*INSTRUCTIONS FOR THE TASK*
Everything from the line that contains "syngenta Sequestrene Fe" through the final line of the records should be written out exactly, and nothing outside that span.

*RECORDS SHOWN*
----

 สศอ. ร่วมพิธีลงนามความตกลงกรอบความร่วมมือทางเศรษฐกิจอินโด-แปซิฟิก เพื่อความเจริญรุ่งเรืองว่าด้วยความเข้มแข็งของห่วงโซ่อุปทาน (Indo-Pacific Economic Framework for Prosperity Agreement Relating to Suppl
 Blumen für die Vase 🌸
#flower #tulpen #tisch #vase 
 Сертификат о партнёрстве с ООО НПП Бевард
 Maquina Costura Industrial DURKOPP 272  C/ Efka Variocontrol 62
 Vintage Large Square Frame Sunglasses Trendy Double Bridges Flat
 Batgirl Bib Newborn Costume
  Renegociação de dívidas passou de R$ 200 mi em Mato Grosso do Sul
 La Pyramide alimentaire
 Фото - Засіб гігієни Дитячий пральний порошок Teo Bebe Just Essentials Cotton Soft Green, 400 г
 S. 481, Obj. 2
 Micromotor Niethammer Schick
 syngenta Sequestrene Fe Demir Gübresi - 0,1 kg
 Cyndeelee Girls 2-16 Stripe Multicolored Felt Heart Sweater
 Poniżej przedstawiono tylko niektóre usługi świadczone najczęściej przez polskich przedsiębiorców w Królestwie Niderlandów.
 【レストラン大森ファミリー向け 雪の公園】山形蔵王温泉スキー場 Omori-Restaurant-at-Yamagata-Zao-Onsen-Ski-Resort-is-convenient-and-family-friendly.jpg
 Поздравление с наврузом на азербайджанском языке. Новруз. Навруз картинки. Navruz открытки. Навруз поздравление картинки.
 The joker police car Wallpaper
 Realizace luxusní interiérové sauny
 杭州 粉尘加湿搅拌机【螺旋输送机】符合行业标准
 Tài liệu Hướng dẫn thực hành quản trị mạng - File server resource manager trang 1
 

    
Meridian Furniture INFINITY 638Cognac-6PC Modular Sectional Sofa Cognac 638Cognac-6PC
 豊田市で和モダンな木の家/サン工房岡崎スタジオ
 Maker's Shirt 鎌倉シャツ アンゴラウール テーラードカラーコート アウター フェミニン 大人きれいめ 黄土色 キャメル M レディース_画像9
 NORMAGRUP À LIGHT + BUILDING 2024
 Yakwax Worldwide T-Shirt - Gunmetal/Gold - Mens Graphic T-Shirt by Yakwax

----

*TASK OUTPUT*
 syngenta Sequestrene Fe Demir Gübresi - 0,1 kg
 Cyndeelee Girls 2-16 Stripe Multicolored Felt Heart Sweater
 Poniżej przedstawiono tylko niektóre usługi świadczone najczęściej przez polskich przedsiębiorców w Królestwie Niderlandów.
 【レストラン大森ファミリー向け 雪の公園】山形蔵王温泉スキー場 Omori-Restaurant-at-Yamagata-Zao-Onsen-Ski-Resort-is-convenient-and-family-friendly.jpg
 Поздравление с наврузом на азербайджанском языке. Новруз. Навруз картинки. Navruz открытки. Навруз поздравление картинки.
 The joker police car Wallpaper
 Realizace luxusní interiérové sauny
 杭州 粉尘加湿搅拌机【螺旋输送机】符合行业标准
 Tài liệu Hướng dẫn thực hành quản trị mạng - File server resource manager trang 1
 

    
Meridian Furniture INFINITY 638Cognac-6PC Modular Sectional Sofa Cognac 638Cognac-6PC
 豊田市で和モダンな木の家/サン工房岡崎スタジオ
 Maker's Shirt 鎌倉シャツ アンゴラウール テーラードカラーコート アウター フェミニン 大人きれいめ 黄土色 キャメル M レディース_画像9
 NORMAGRUP À LIGHT + BUILDING 2024
 Yakwax Worldwide T-Shirt - Gunmetal/Gold - Mens Graphic T-Shirt by Yakwax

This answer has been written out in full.